Why has this bug gone undetected?
This bug has gone undetected for several reasons:
-
Recent introduction: The bug was introduced in commit
fefeb245on November 26, 2025, only about 2 weeks ago, when the code was refactored to add OCI source support. -
Documentation uses Docker Hub shorthand: The primary documentation example (
cagent pull creek/pirate) uses Docker Hub's shorthand notation without an explicit registry domain. These references work correctly because:creek/pirateis stored ascreek/pirate:latest- It's retrieved as
creek/pirate, which becomescreek/pirate:latestafter the:latestis added inresolveIdentifier - The references match!
-
Limited test coverage: The existing tests in
pkg/remote/pull_test.goonly use simple references without registry domains (e.g.,pull-test:latest), which don't trigger the bug. -
Two-step workaround exists: Users who pull without a registry domain and then manually specify the domain might work around the issue without realizing it, though this is not the intended workflow.
-
Error message is generic: When the bug occurs, the error is "reference X not found", which could be interpreted as a network issue or a typo in the reference name, rather than an internal storage/retrieval mismatch.
-
Docker Hub is special-cased: The go-containerregistry library treats Docker Hub references specially. When you use
creek/pirate, it automatically understands this as Docker Hub, but theRepositoryStr()doesn't include the registry. This means the common use case (Docker Hub with shorthand notation) happens to work, while the documented example (Docker Hub with explicitdocker.io/) fails.
Recommended fix
The fix should use the same normalized reference format for both storage and retrieval. In cmd/root/pull.go:59, replace:
yamlFile, err := store.GetArtifact(registryRef)With:
ref, err := name.ParseReference(registryRef) // <-- FIX 🟢 Parse the reference
if err != nil {
return fmt.Errorf("failed to parse reference: %w", err)
}
localRef := ref.Context().RepositoryStr() + ":" + ref.Identifier() // <-- FIX 🟢 Normalize it
yamlFile, err := store.GetArtifact(localRef) // <-- FIX 🟢 Use normalized referenceThis ensures that the same normalization logic is applied for both storage and retrieval, making the reference formats consistent.
Related bugs
There is a separate but related bug in the filename generation on line 64 of cmd/root/pull.go:
agentName := strings.ReplaceAll(registryRef, "/", "_")

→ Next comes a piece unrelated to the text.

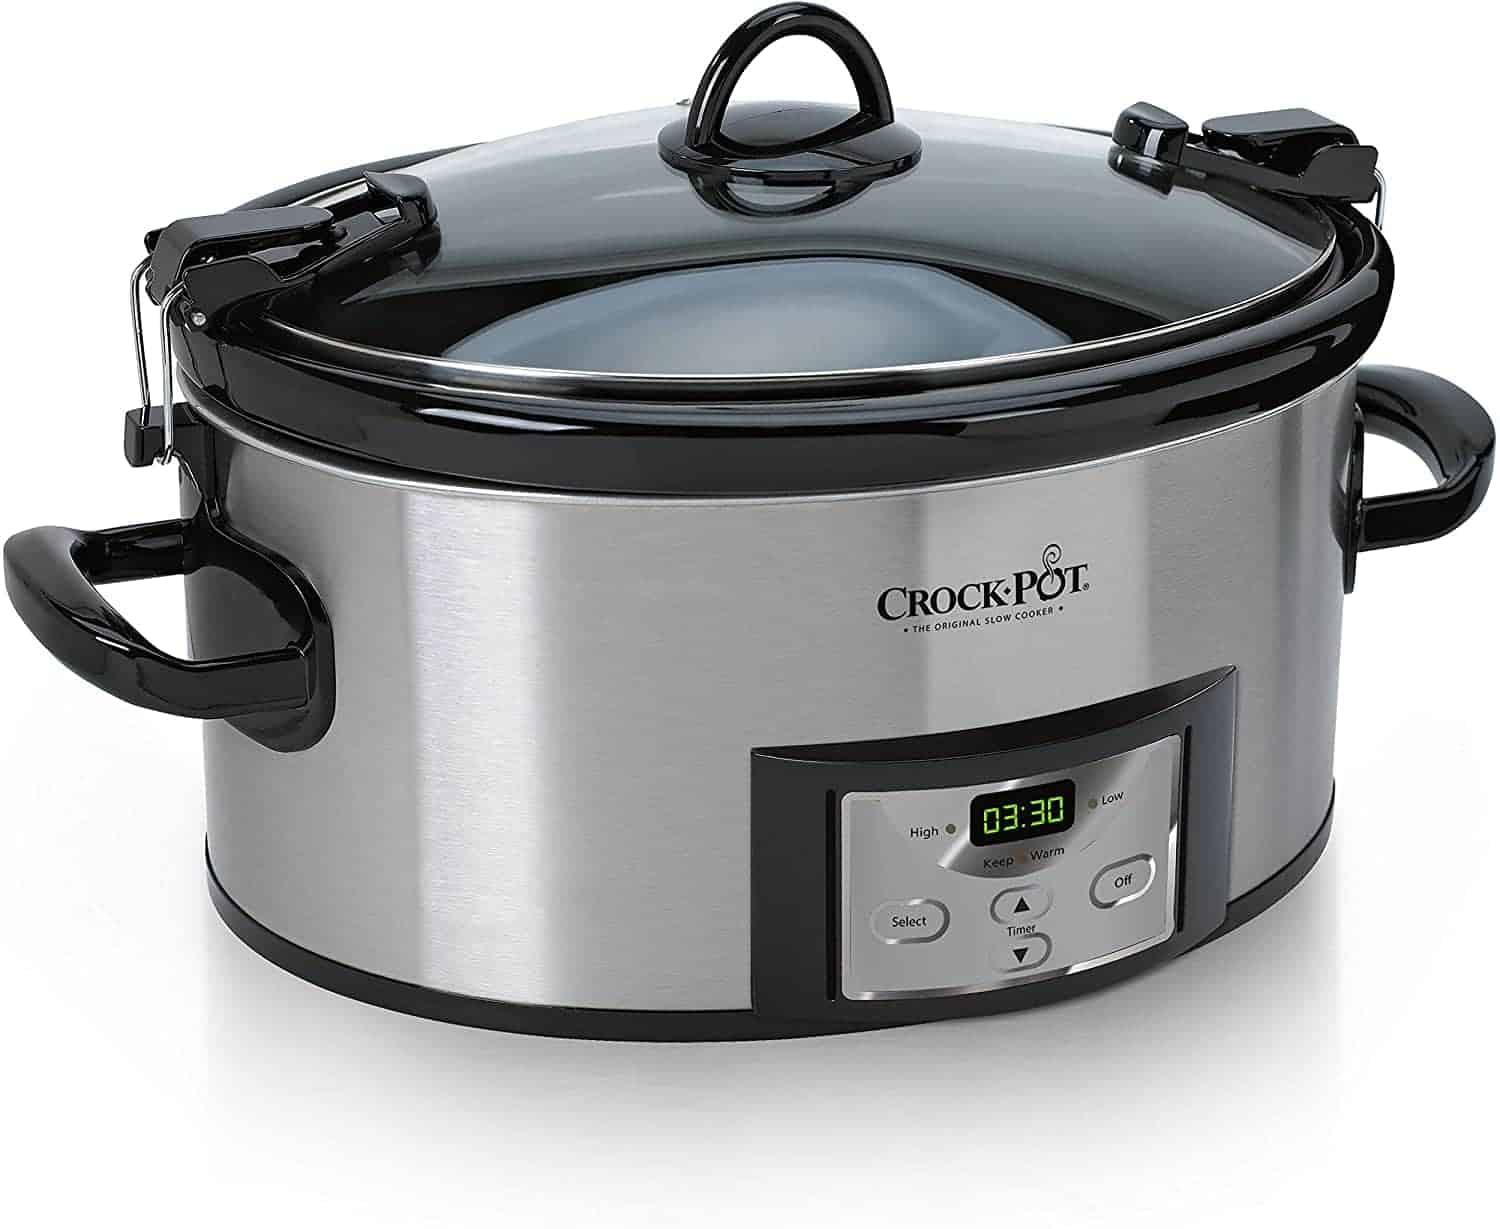 Crock Pot SCCPVL610 6-Quart Programmable Slow Cooker

fileName := agentName + ".yaml"This code only replaces forward slashes but not colons, resulting in filenames like registry.example.com_myagent:v1.0.yaml. The colon character is invalid in Windows filenames, causing the os.WriteFile call on line 67 to fail on Windows systems.
However, this filename bug is secondary to the reference mismatch bug documented here, because the reference mismatch causes the command to fail before it even reaches the filename generation code.